Most presidents would push policy that they’d been working on already. Opioid crisis? Lip service only, which makes sense in the context of what the administration has attempted. They haven’t done anything worth listing.

So the real state of the union is slow deterioration as we wait for the midterms, wait for Republicans to rediscover America, wait for the adults to stop coddling this broken administration.

The overture to infrastructure is so half-assed and not what we need. Maybe if the Republicans had taken up Obama on infrastructure, it could have worked. What we need, realistically, is a permanent infrastructure system.

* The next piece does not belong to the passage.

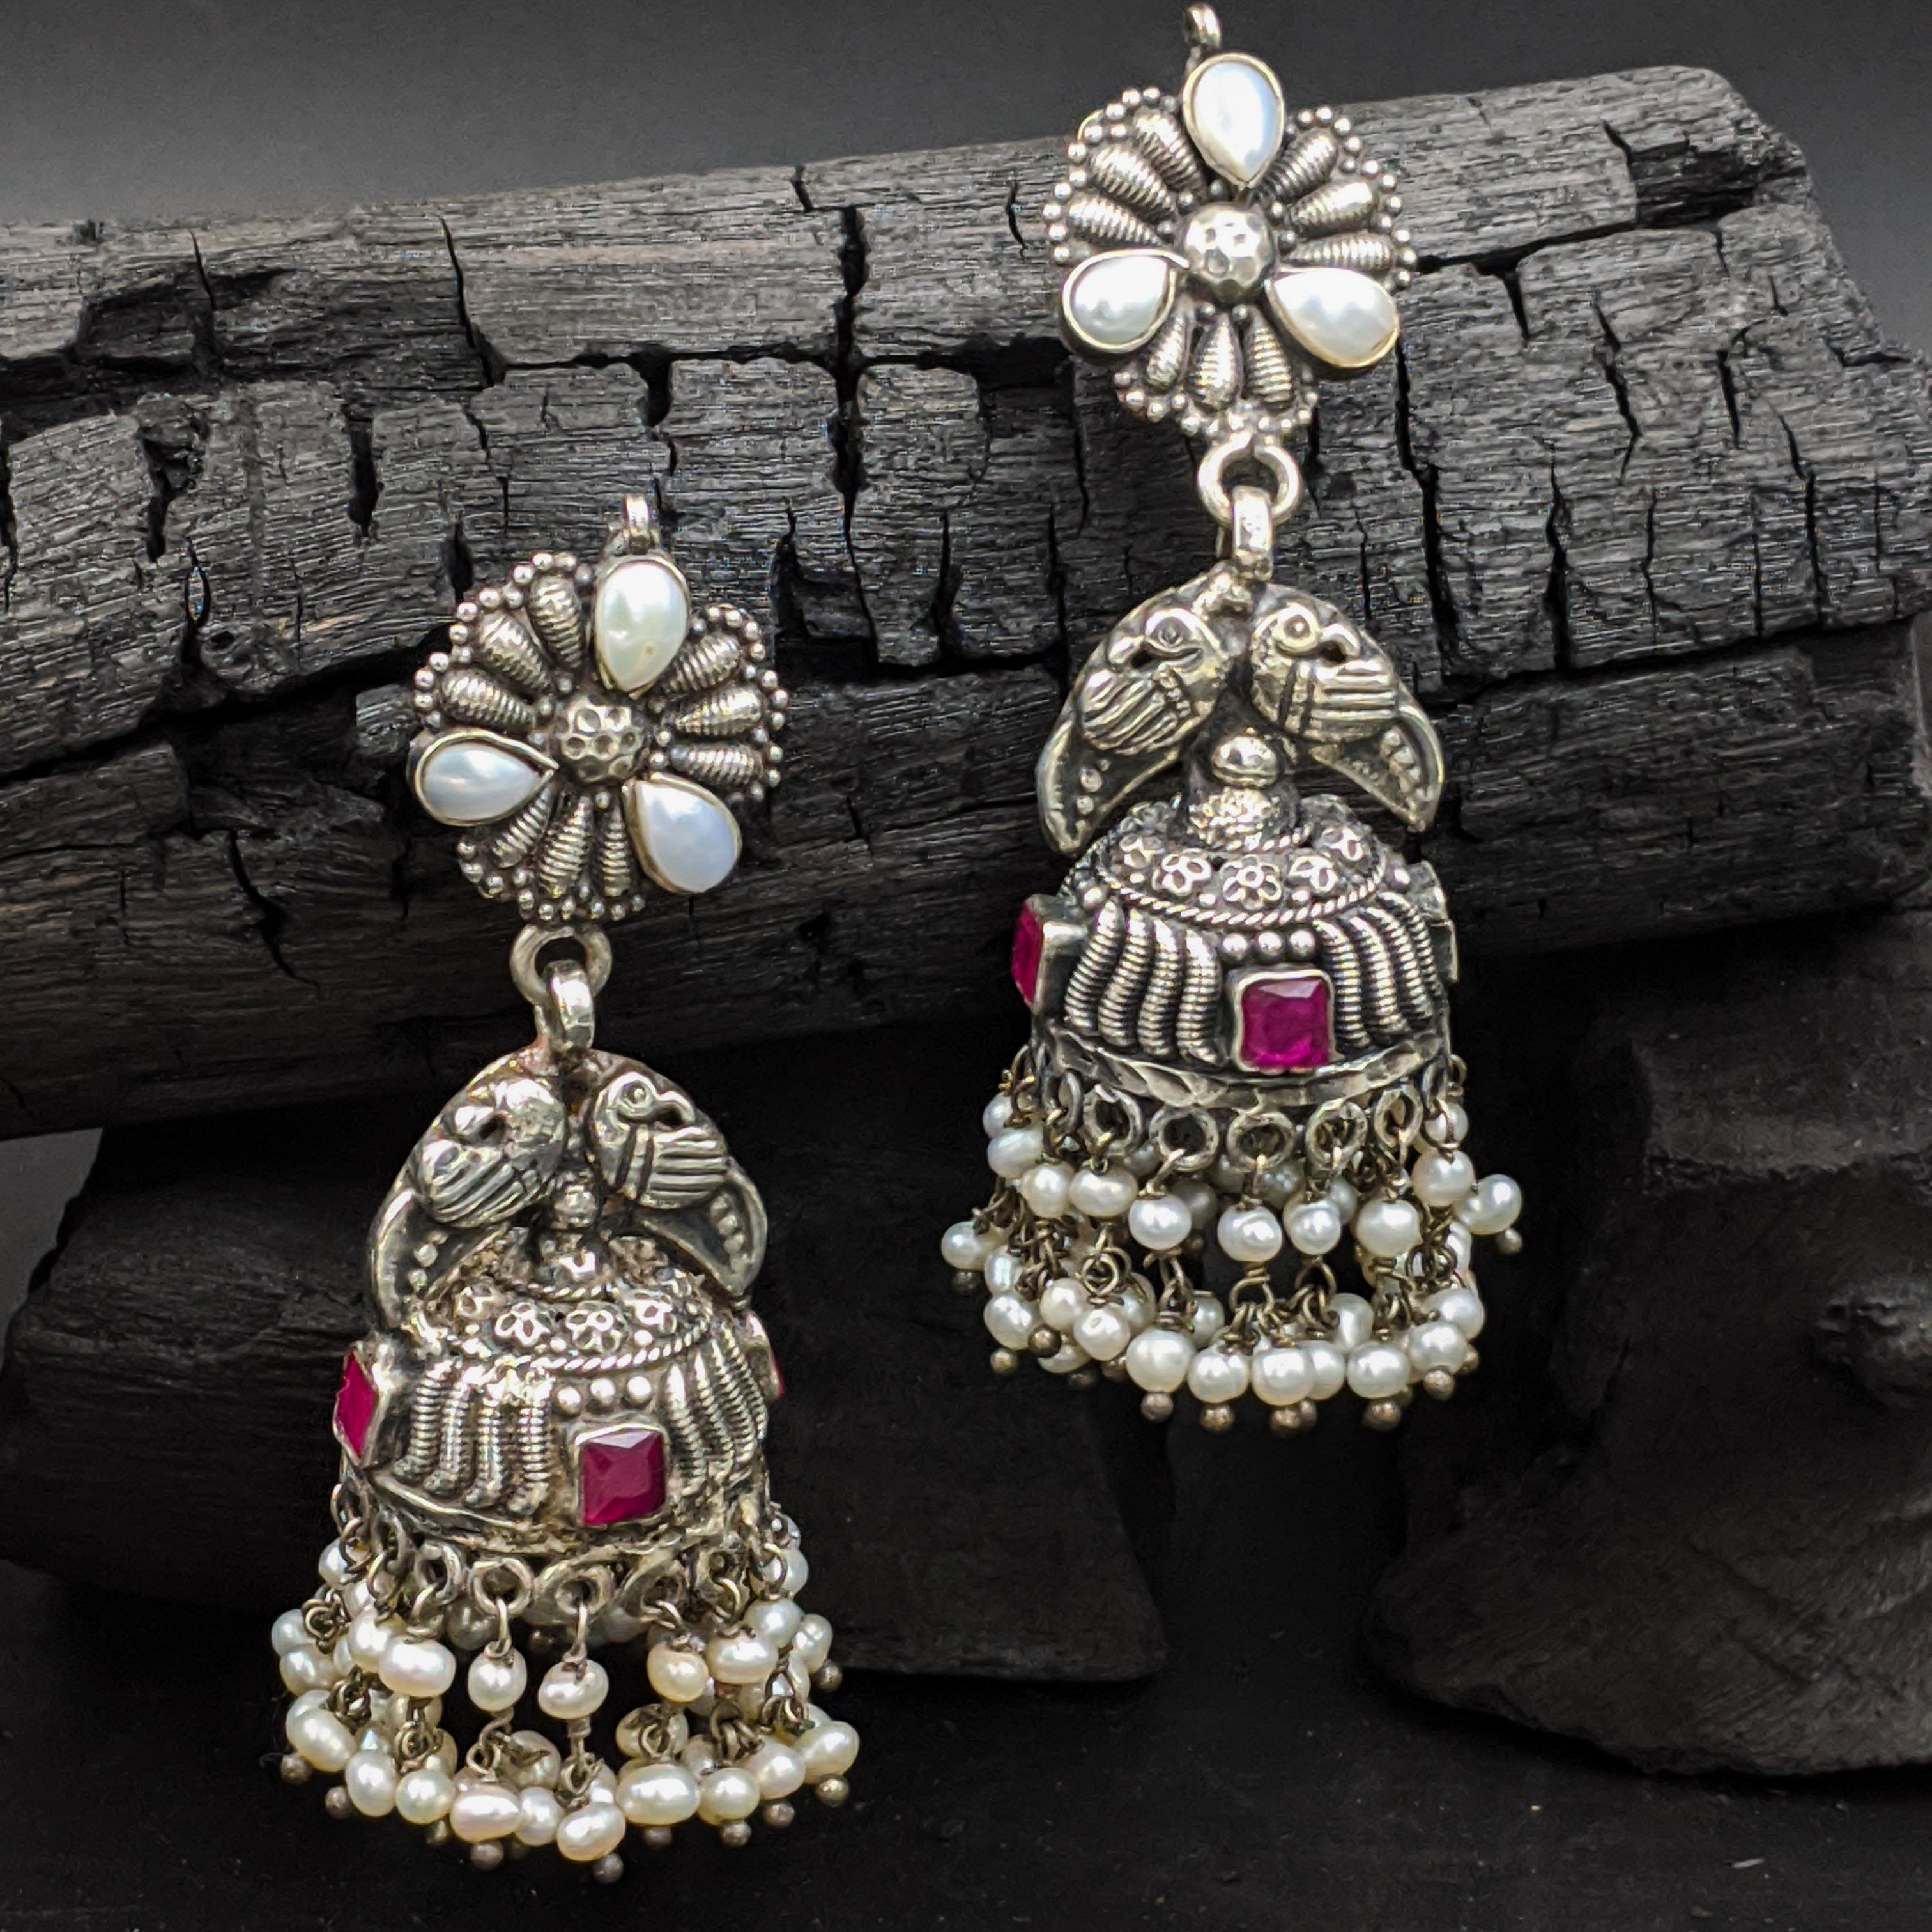 Buy Online Antique Silver Jhumka Earrings at low prices - Order Now!

So some infrastructure is priority. Most is steady-maintenance. You budget to cover priority and emergency and then whatever is left over, that goes to maintenance.

But their plan? Throw a tiny amount of money and hope that municipalities and the private sector figure out the rest.

Or the nod to prison reform, which comes as we learned the Bureau of Prisons is rewarding donors by shunting more prisoners to private prisons.

Or the umpteenth time he says prescription drug prices are going to magically drop.

It’s pathetic that this is what passes as a good speech by this president. It’s inexcusable that his party applauded it and his supporters cheered it without any indication of how bad it was.

At best, it was a short distraction from the 50 other distractions that this administration unleashes on the world like it’s some genetic breeding experiment gone awry.